Ambiguity only complicates matters. (Promiscuity, on the other hand, fornicates EVERYbody. (Hey, you put YOUR slogan on YOUR T-shirt, I’ll put MY slogan on MINE.))
 
(Your YOUR-O-Scopes:

http://www.humorscope.com )
Starzina Starfish-Browne was born in the wagon of a traveling show…well, okay, not really.  She was actually born in Lowake, Texas, the daughter of a beautician and either a garage mechanic or the town mailman.  At sixteen, she escaped her humble beginnings by running off with Doctor Browne’s Traveling Medicine Show and, more to the point, Doctor Browne.
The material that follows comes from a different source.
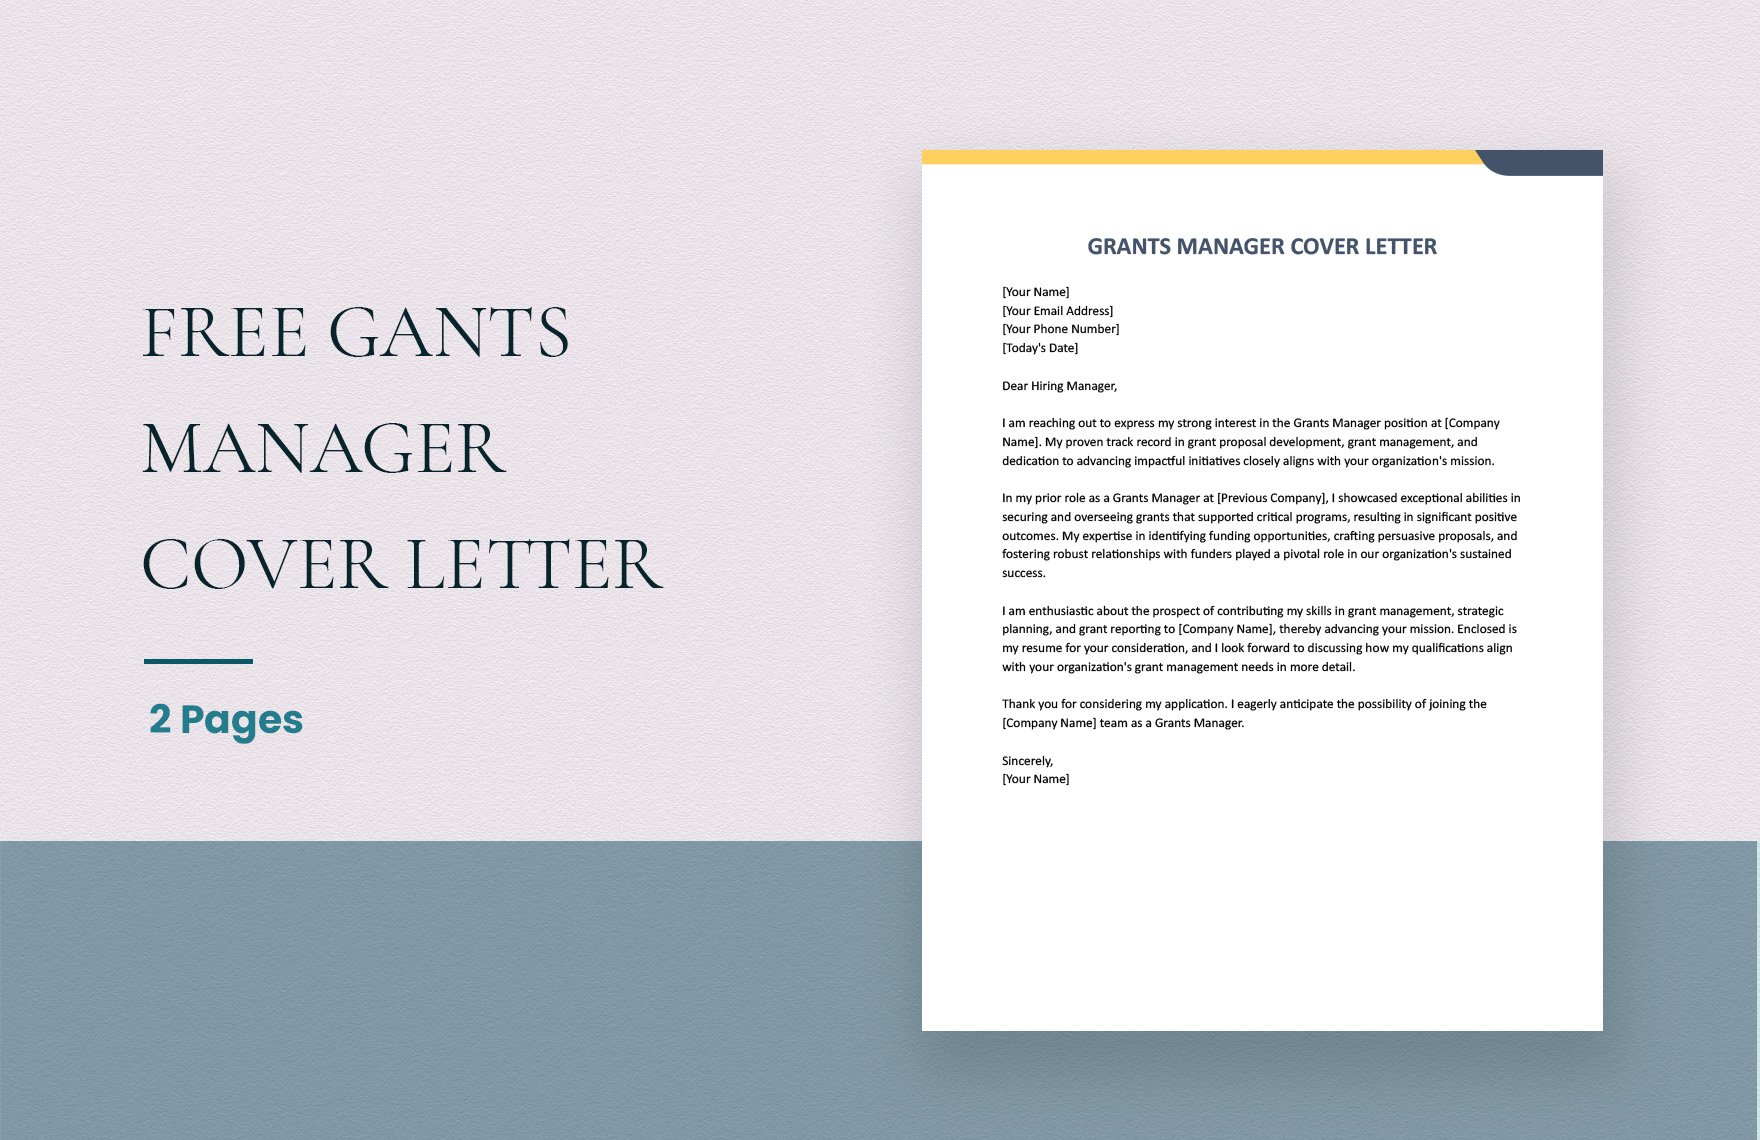 Grants Manager Cover Letter

Following the dissolution of this unfortunate entanglement (Doctor Browne was a Virgo and Starzina is, of course, an Aries), which produced a daughter, Starzina entered a contest in Soap Opera Digest and won a scholarship to Oxford (yes, in ENGLAND), where she earned her doctorate in the newly-created dual major of Astrology and Human Sexuality.  There is absolutely NO TRUTH to the rumor that Starzina’s second daughter has Royal blood, despite tabloid photographs allegedly depicting her cavorting on the Italian Riviera with Princes William and Harry, clad only in Prussian helmets and armbands of questionable taste.  Starzina currently resides with her daughters in Philadelphia, the City That Loves You (On Your) Back, where she enjoys Double Coupon Day at the local SuperCruise and “encouraging” the coxswain of the Penn rowing team.